New Delhi: The negotiators agreed to prepare a “zero draft” for a legally binding plastics treaty in the next session of the Intergovernmental Negotiating Committee (INC), which is due to take place in Nairobi, Kenya, this November.
The consensus has been built during the second session of INC, which concluded on Saturday in the French capital, Paris.
More than 1,700 participants including 700 Member State delegates of 169 Member States and over 900 observers from NGOs attended the session, hosted by France at the headquarters of the UN Educational, Scientific and Cultural Organisation (UNESCO) in Paris.
“I am encouraged by progress at INC-2 and the mandate to prepare a zero draft of the international legally binding instrument on plastic pollution,” said Inger Andersen, Executive Director of the UN Environment Programme (UNEP).
“I look forward to INC-3 in Nairobi and urge Member States to maintain this momentum. The world is calling for an agreement that is broad, innovative, inclusive, and transparent, one that leans on science and learns from stakeholders, and one that ensures support for developing nations” she added.
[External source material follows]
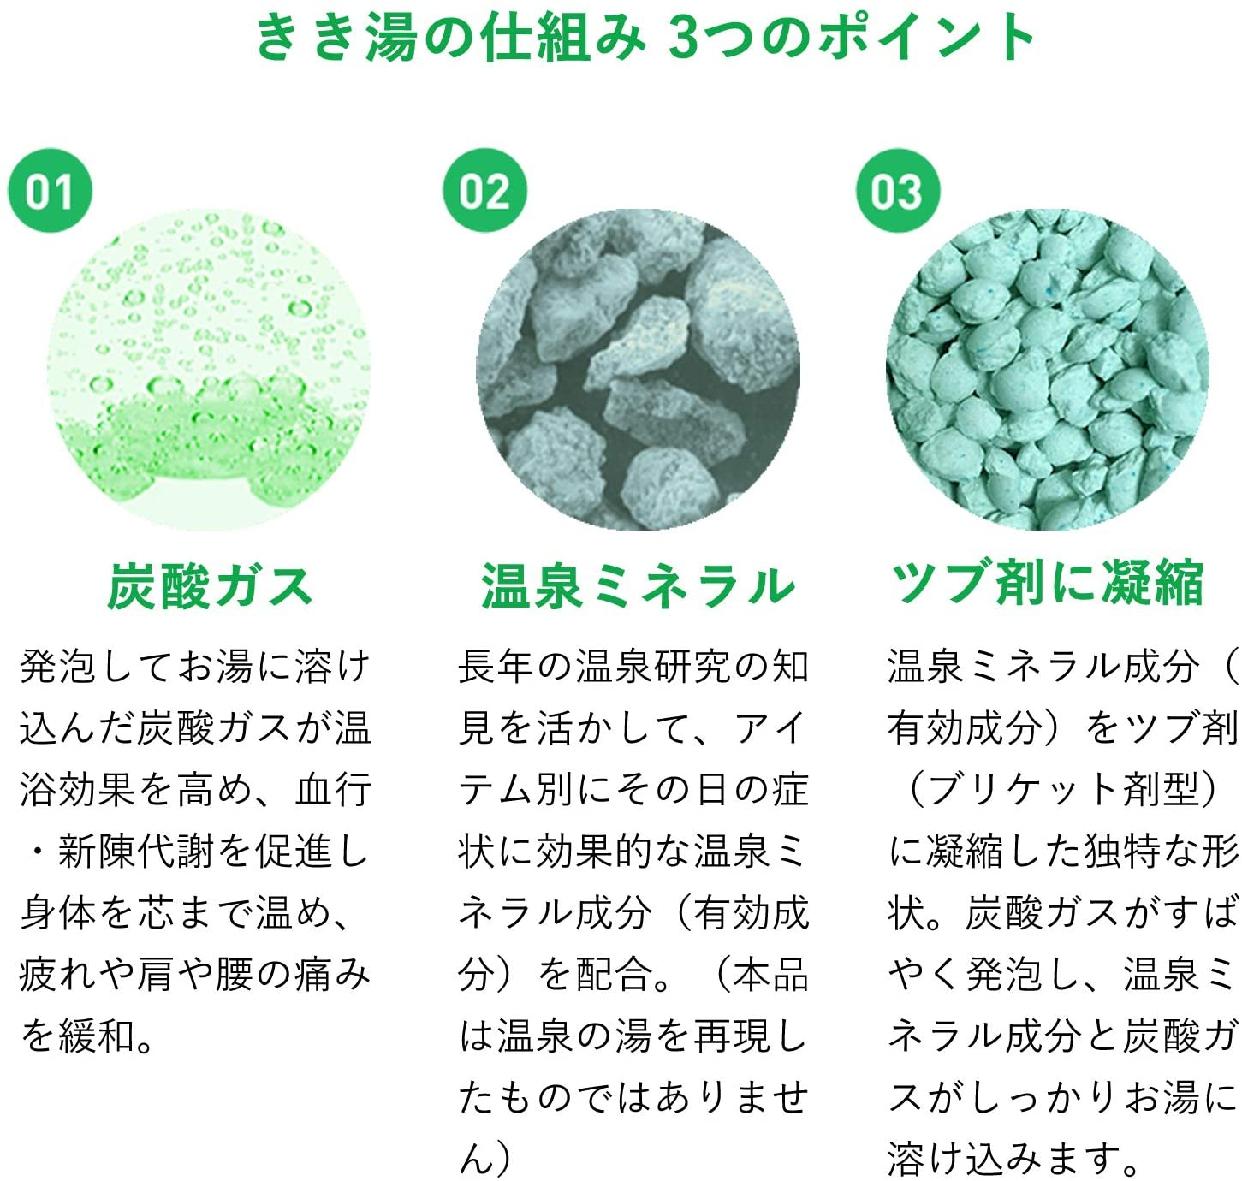 BATHCLIN(バスクリン) きき湯 マグネシウム炭酸湯の商品画像2

On the first day of the session, Member States elected Georgia, Estonia, Sweden, and the US to the Bureau.
Following discussions on voting rights, they also agreed on an interpretive paragraph for the Draft Rules of Procedure that apply on a provisional basis to the work of the INC.
Officially closing the session, the Chair of the INC, H.E. Mr. Gustavo Adolfo Meza-Cuadra Velasquez, thanked the Government of France and UNESCO for hosting the session, as well as the Member States, observers, co-facilitators, and support staff of the discussions.
In its decision, the INC requested the Secretariat to invite submissions from observers by 15 August and Members by 15 September on elements not discussed at INC-2, such as the principles and scope of the instrument, and any potential areas for inter-sessional work compiled by the cofacilitators of the two contact groups, to inform the work of INC-3.
“My appeal to you at the beginning of this session was that you make Paris count. You have done so, by providing us with a mandate for a zero draft and inter-sessional work,” said Jyoti Mathur-Filipp, Executive Secretary of the INC Secretariat.
In February 2022, United Nations Environment Assembly (UNEA-5.2), adopted a historic resolution titled “End Plastic Pollution: Towards an internationally legally binding instrument”
Under the resolution, Intergovernmental Negotiating Committee (INC), will complete a draft global legally binding agreement on plastic pollution by the end of 2024.
As per UNEP the amount of plastic waste entering aquatic ecosystems could nearly triple from some 9–14 million tonnes per year in 2016 to a projected 23–37 million tons per year by 2040.
By 2050 greenhouse gas emissions associated with plastic production, use and disposal would account for 15 percent of allowed emissions, with the goal of limiting global warming to 1.5°C (34.7°F).